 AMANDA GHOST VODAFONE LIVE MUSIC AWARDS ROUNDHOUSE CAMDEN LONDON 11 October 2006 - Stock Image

--

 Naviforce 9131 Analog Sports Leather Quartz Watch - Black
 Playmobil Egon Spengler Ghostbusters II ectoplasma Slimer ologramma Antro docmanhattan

TASK GOAL: Go through the material above and output exactly the lines from the one containing "Naviforce 9131 Analog" through the one containing "Playmobil Egon Spengler".

TASK RESULT:
 Naviforce 9131 Analog Sports Leather Quartz Watch - Black
 Playmobil Egon Spengler Ghostbusters II ectoplasma Slimer ologramma Antro docmanhattan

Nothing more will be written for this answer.